From the results of the scenario execution, we can see that with 40 pressure threads, only a little over 50 TPS were achieved, and the response time increased to nearly 700ms. Clearly, this is a very slow interface.

From such an interface, it seems that we made the right choice with this project because performance issues are everywhere.

Next, let’s analyze step by step.

Architecture Diagram #

We have described multiple times before that drawing an architecture diagram is to understand the analysis path. Therefore, as usual, we still list the architecture diagram here.

Due to the complexity of this interface, the architecture diagram looks a bit messy. So, I simplified it again:

The Order service is the core of this interface. Therefore, you can see that I have filtered out all the services related to Order, so we can clearly know what it is connected to.

Next, let’s break down the response time.

Analyzing Response Time #

Since we noticed that the response time was relatively long during the scenario run, we decided to use an APM tool to analyze it further:

Gateway:

From the above graph, we can see that the time spent on the Gateway is around 700ms, which aligns with the previous scenario data.

I would like to clarify that the sampling interval for this graph is one minute, so you may notice some discrepancies between this curve and the TPS curve given by the load testing tool in some details. However, this is not a concern, as we should focus more on the overall trend.

Order:

As mentioned earlier, Order is the key service for producing order information, and its business logic is also quite complex. Therefore, we need to pay more attention to this service.

Based on the data, the time consumed by Order is around 350 milliseconds, accounting for half of the total response time. This is the aspect we need to analyze in-depth. The forwarding capability of the Gateway is also a point of concern, although it lacks logic and only handles forwarding. If the slow Gateway forwarding is caused by a large amount of data, once we solve the Order’s problem, the Gateway issue will also be resolved. Therefore, let’s analyze the problem with Order first.

Now, let’s proceed with the analysis.

Phase 1 #

Global Monitoring Analysis #

Let’s start with the global monitoring:

At first glance, there’s nothing significant. There’s no obvious CPU resource consumption, network resource usage, or IO resource bottleneck.

In this situation, we need to pay attention to the limited points in the entire chain. What are the limited points? For example, various pools (connection pool, etc.), locks in the stack, database connections, and database locks.

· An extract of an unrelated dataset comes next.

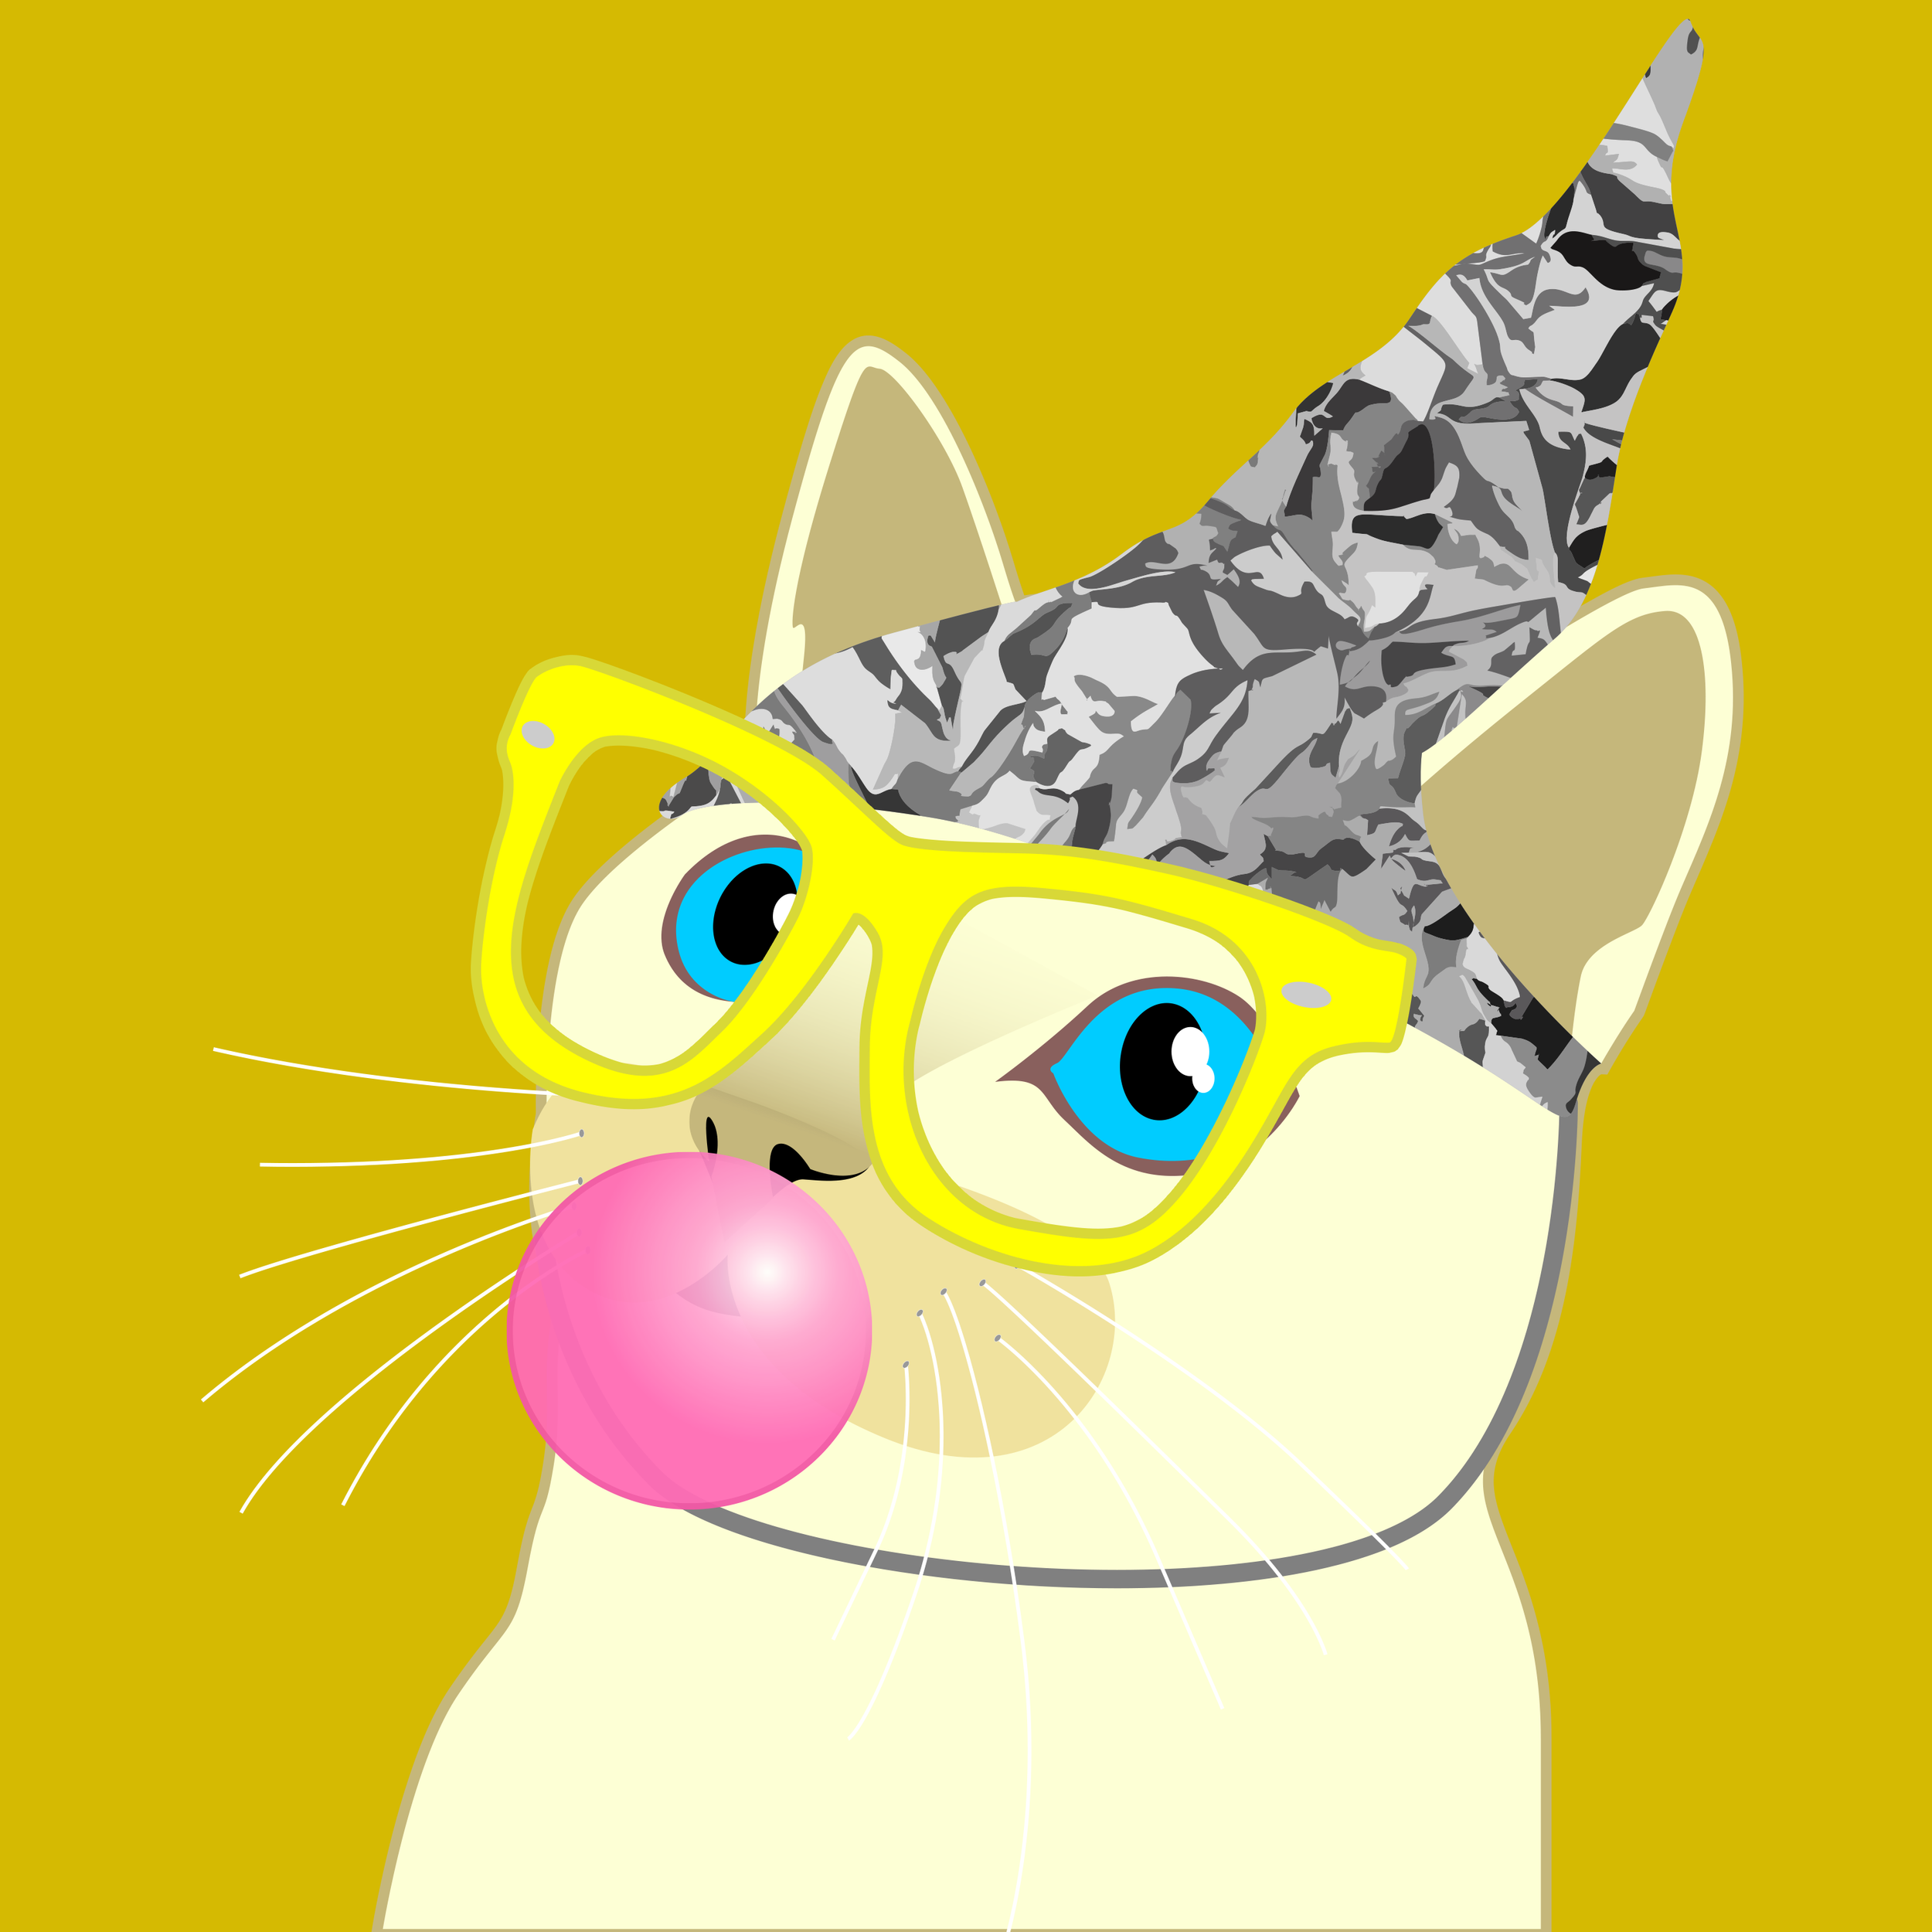 Is Tin Foil Cats The Best Solana NFT Projects For Maximum Gains in 2024 Crypto Bull Run?
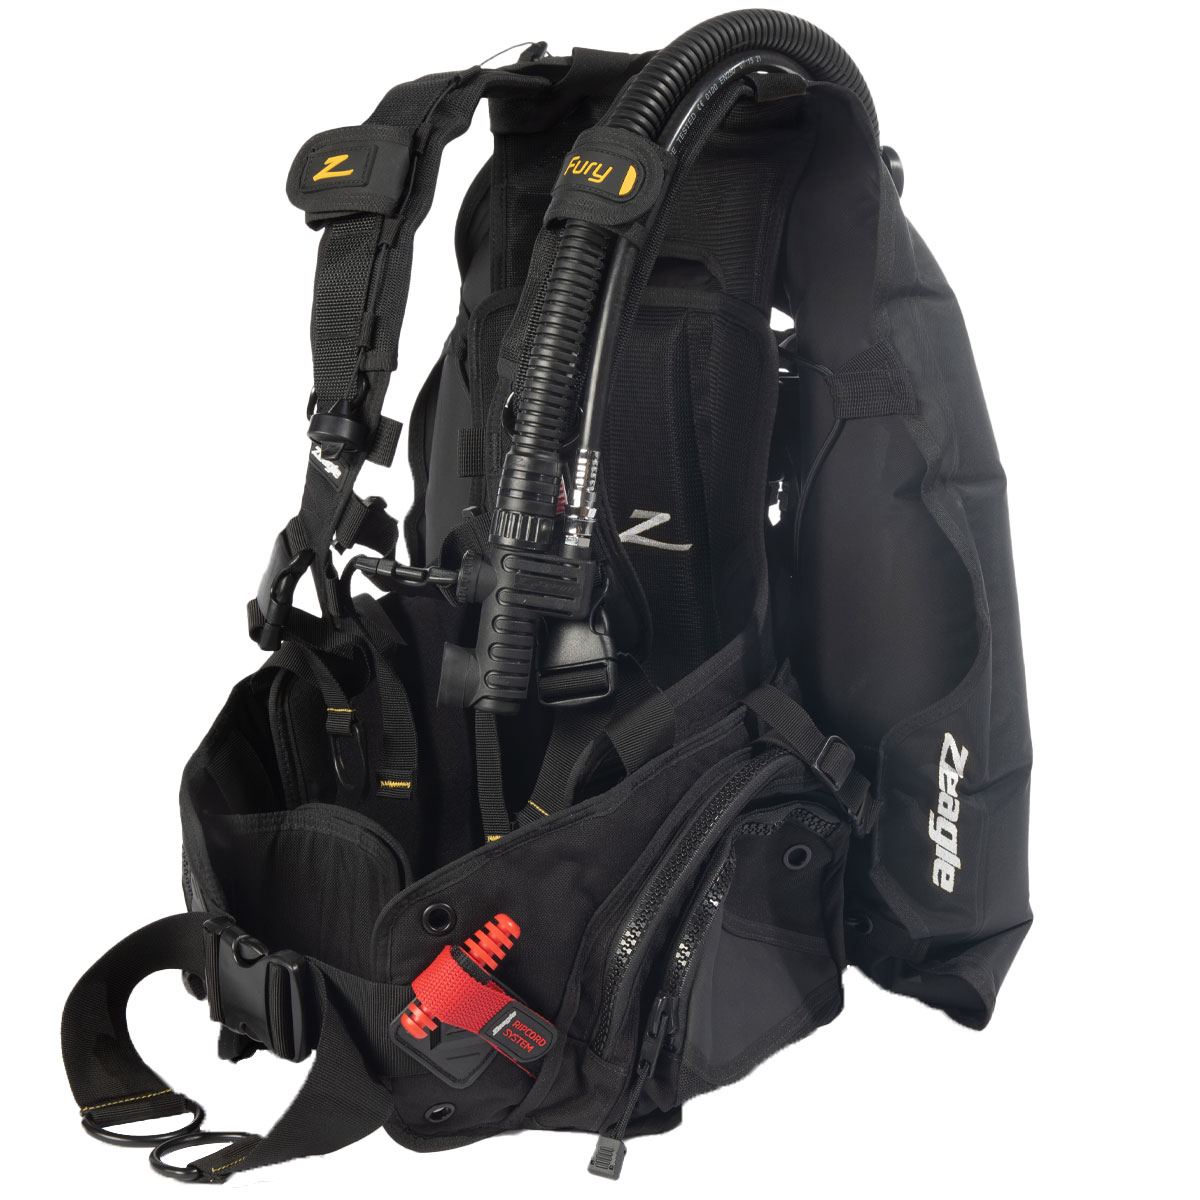 Zeagle Fury BCD with Ripcord

In summary, it can be described with one keyword: blocking.

Once we identify the blocking points, we can widen the chain and utilize the resources.

Of course, it’s also possible that after analyzing the entire chain, we find no blocking points, but still can’t utilize the resources. In this case, there is only one possibility: the analysis is not detailed enough. It’s because there might be too many potential blocking points, and we can only break them down step by step.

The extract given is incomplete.